■ TASK: Restate the listing below exactly, images excluded.

■ DATA BLOCK:
________________________

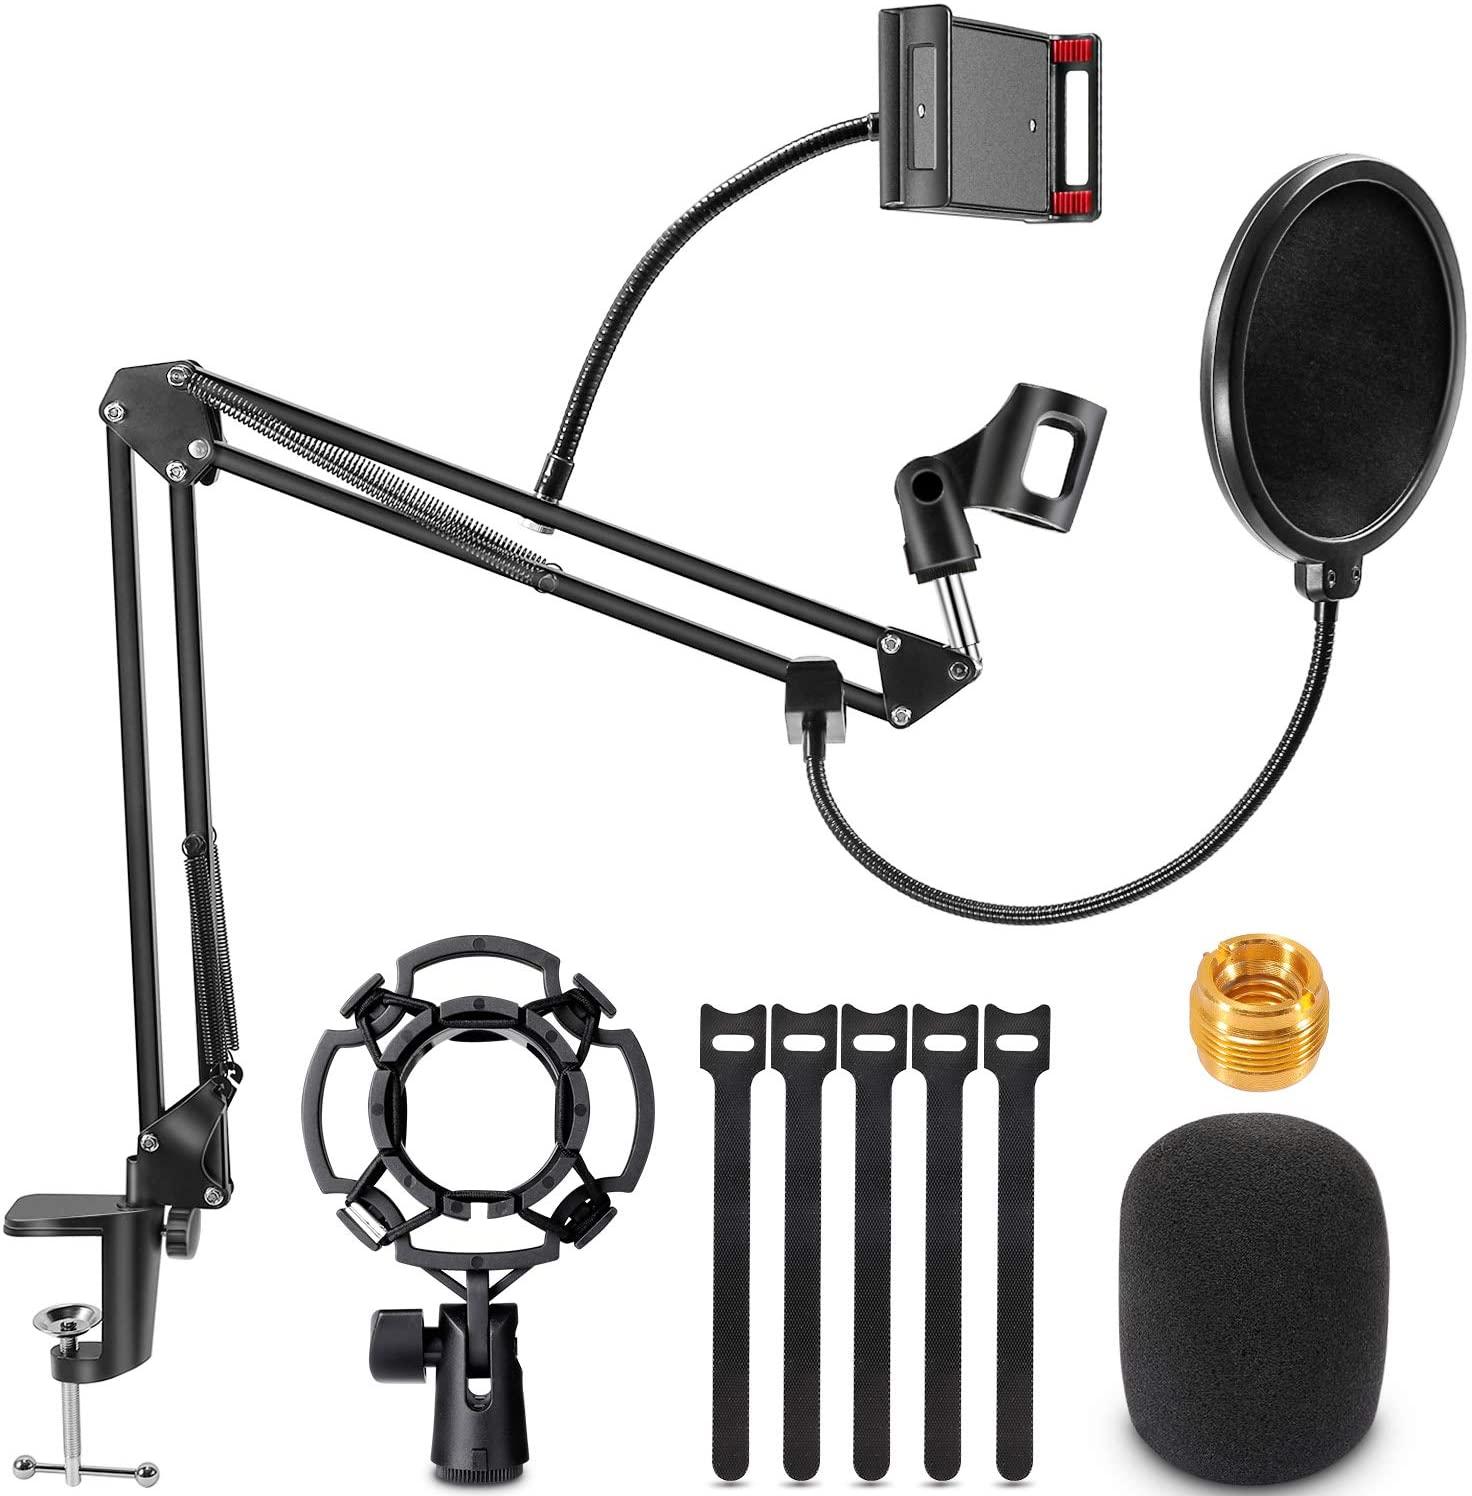 Kit de accesorios para micrófono de Streaming
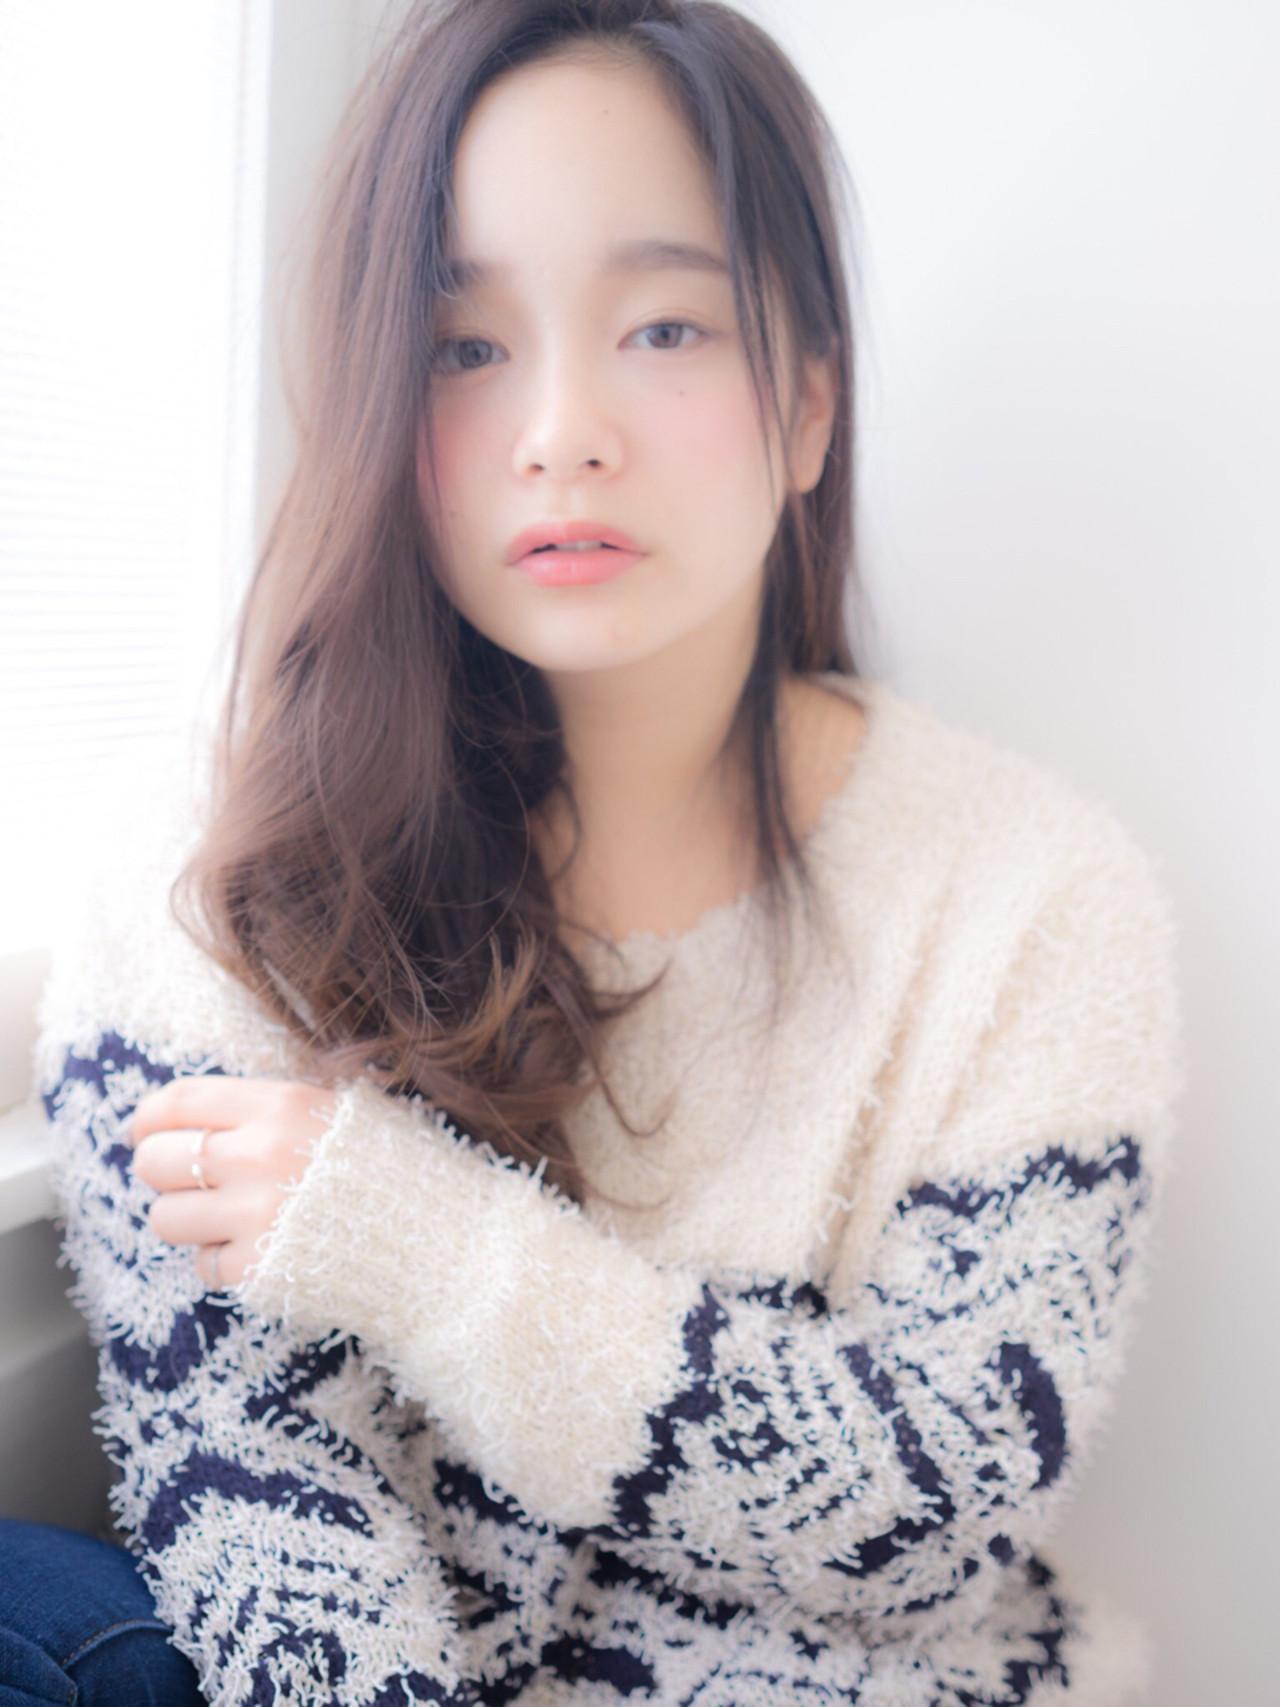 セミロング 大人かわいい 抜け感 パーマ ヘアスタイルや髪型の写真・画像 | 定野 桃子 /
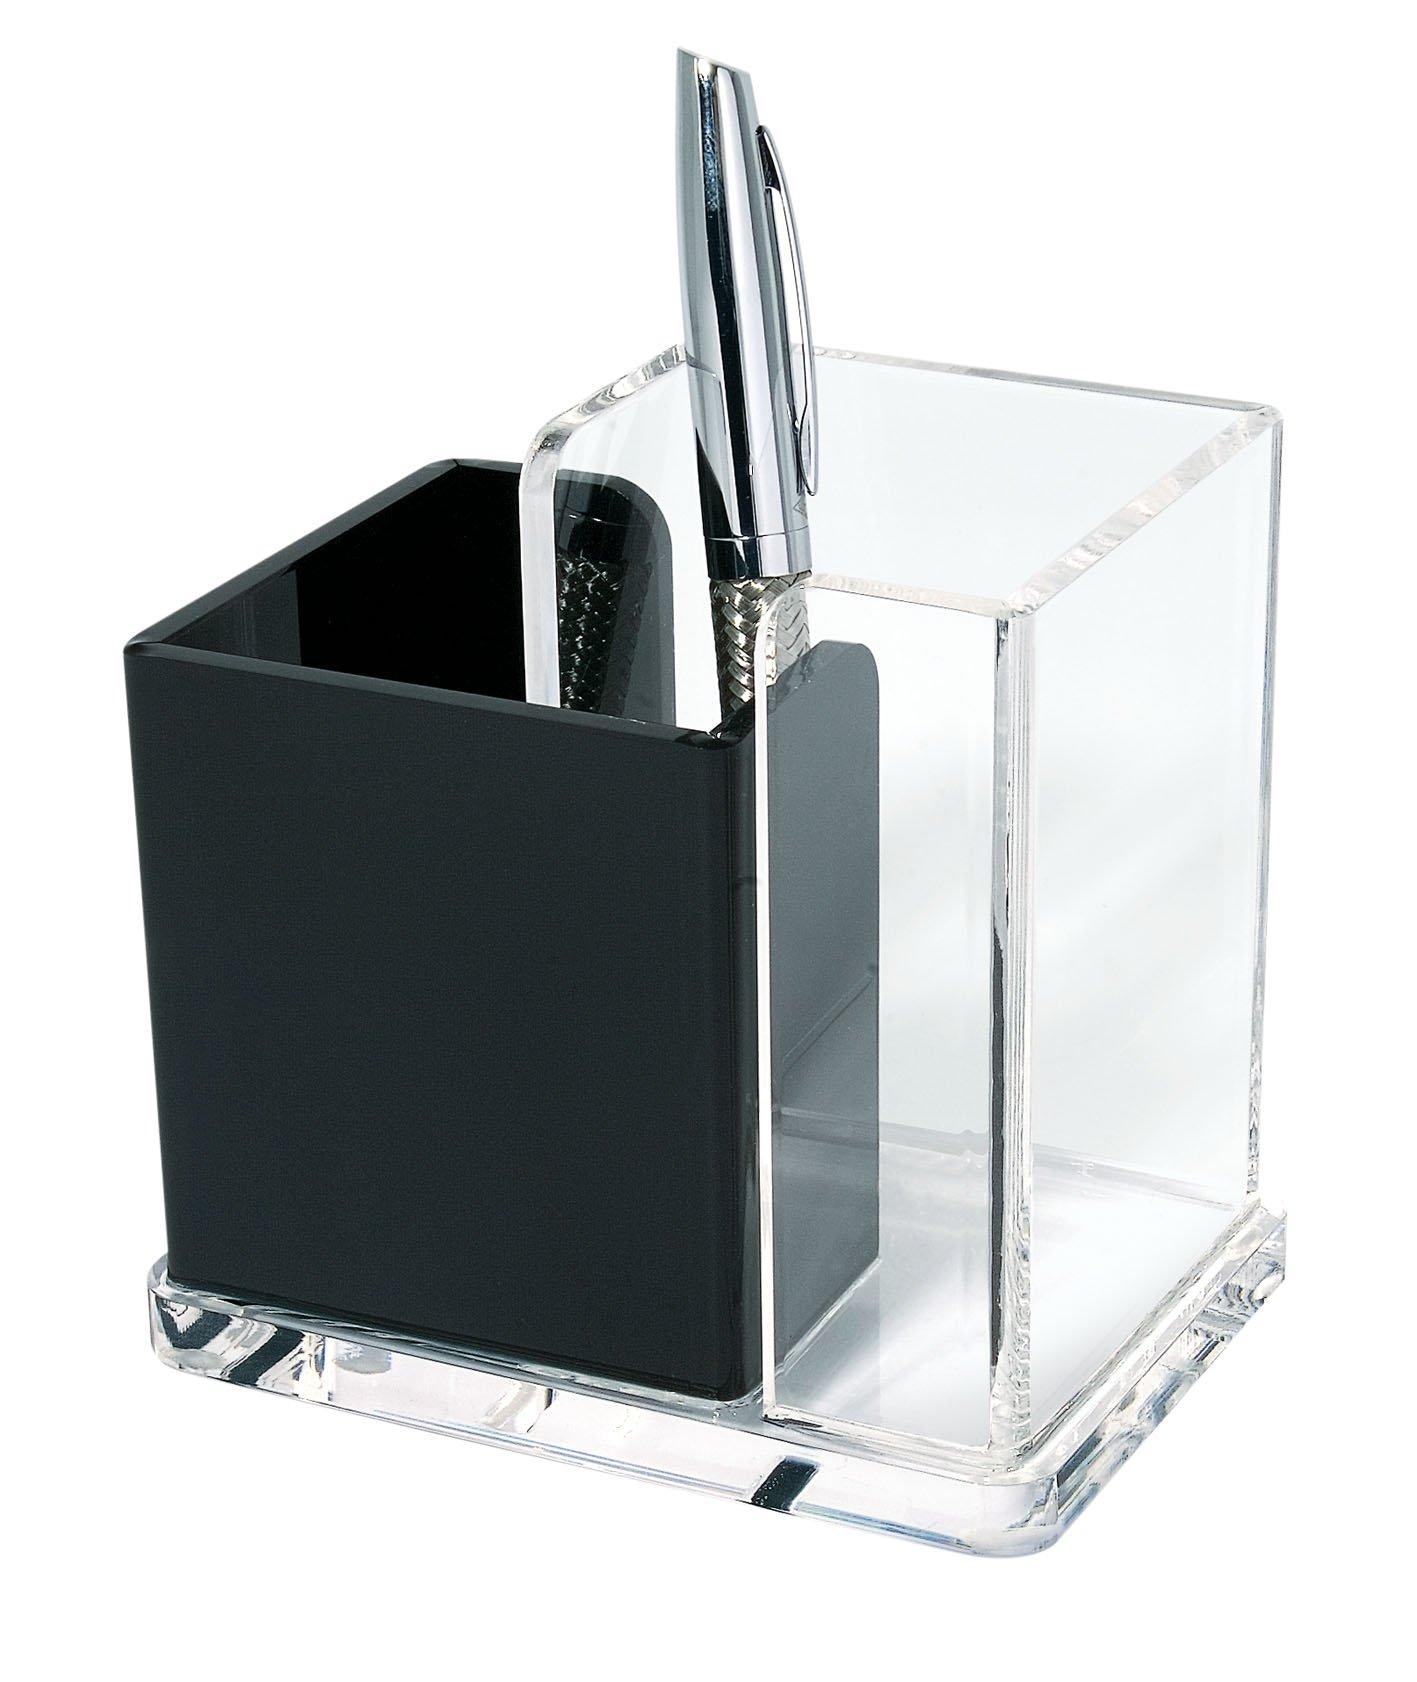 Cristallic Trasparente Wedo 0603016 Portacorrispondenza in Acrilico 2 Scomparti
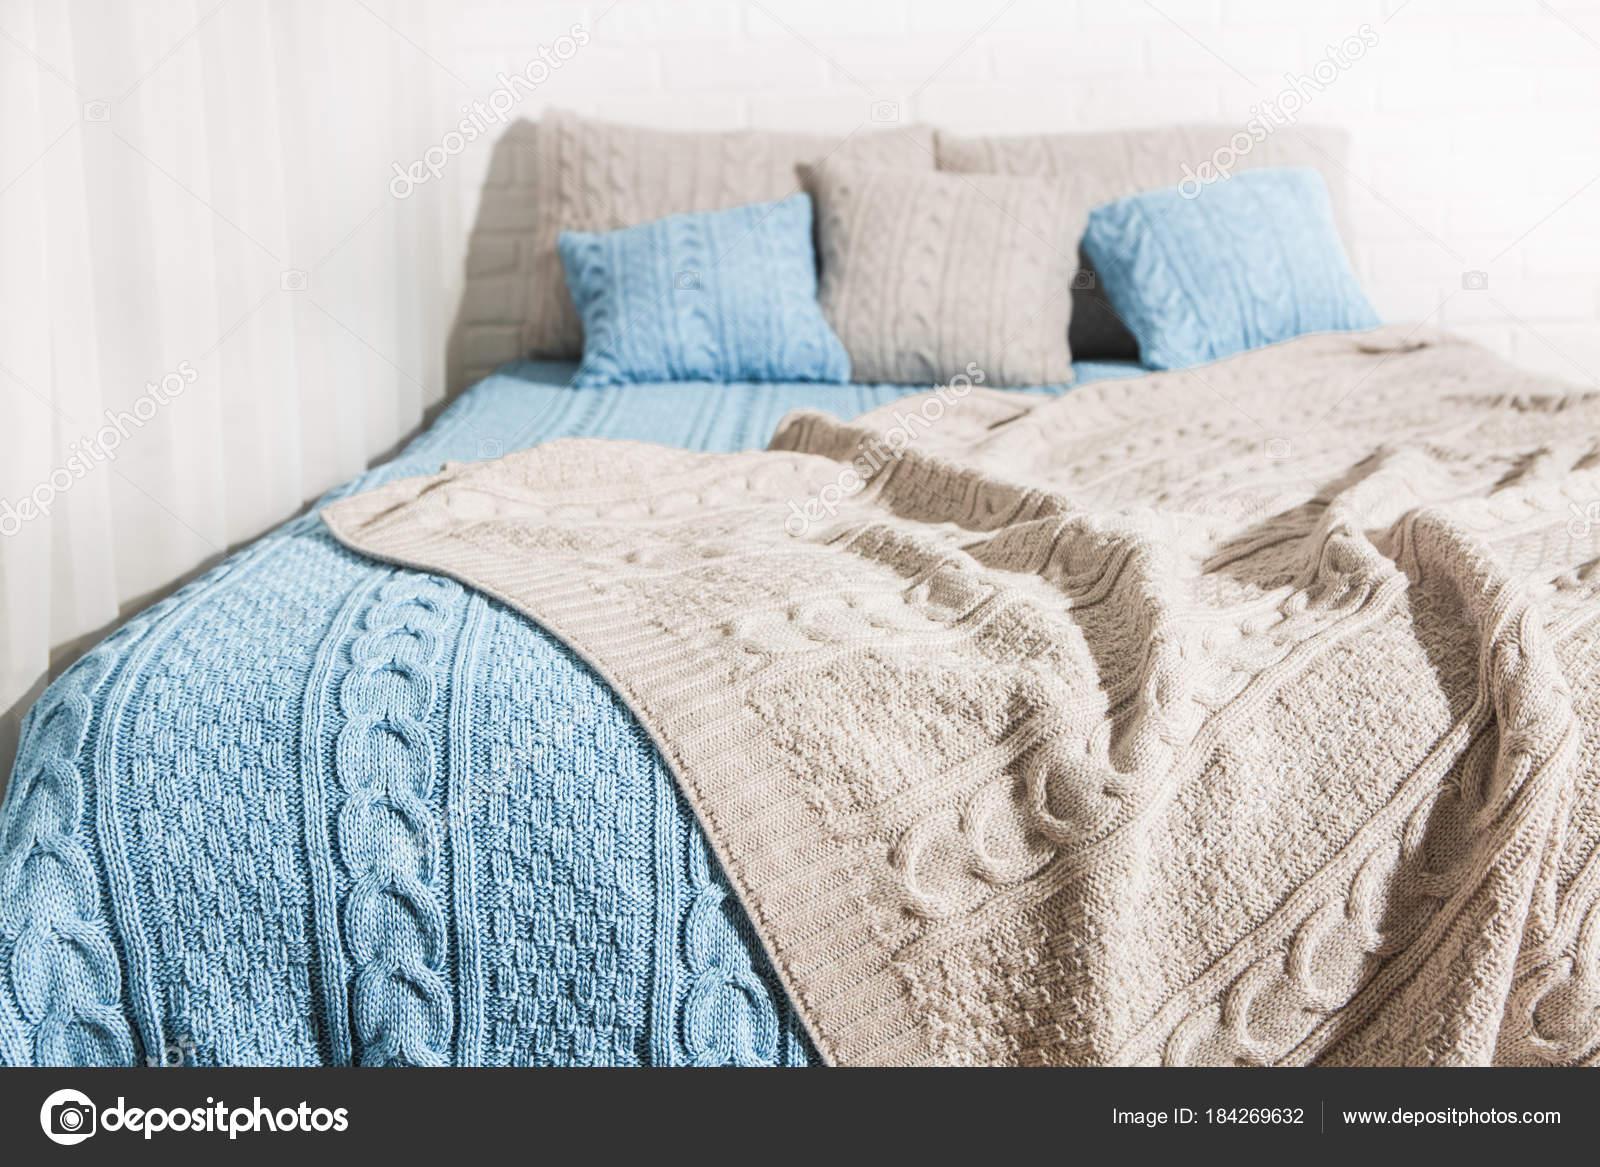 Schlafzimmer Bett Decke Plaid Blau Beige U2014 Stockfoto

________________________

■ YOUR SOLUTION:
 Kit de accesorios para micrófono de Streaming
 セミロング 大人かわいい 抜け感 パーマ ヘアスタイルや髪型の写真・画像 | 定野 桃子 /
 Cristallic Trasparente Wedo 0603016 Portacorrispondenza in Acrilico 2 Scomparti
 Schlafzimmer Bett Decke Plaid Blau Beige U2014 Stockfoto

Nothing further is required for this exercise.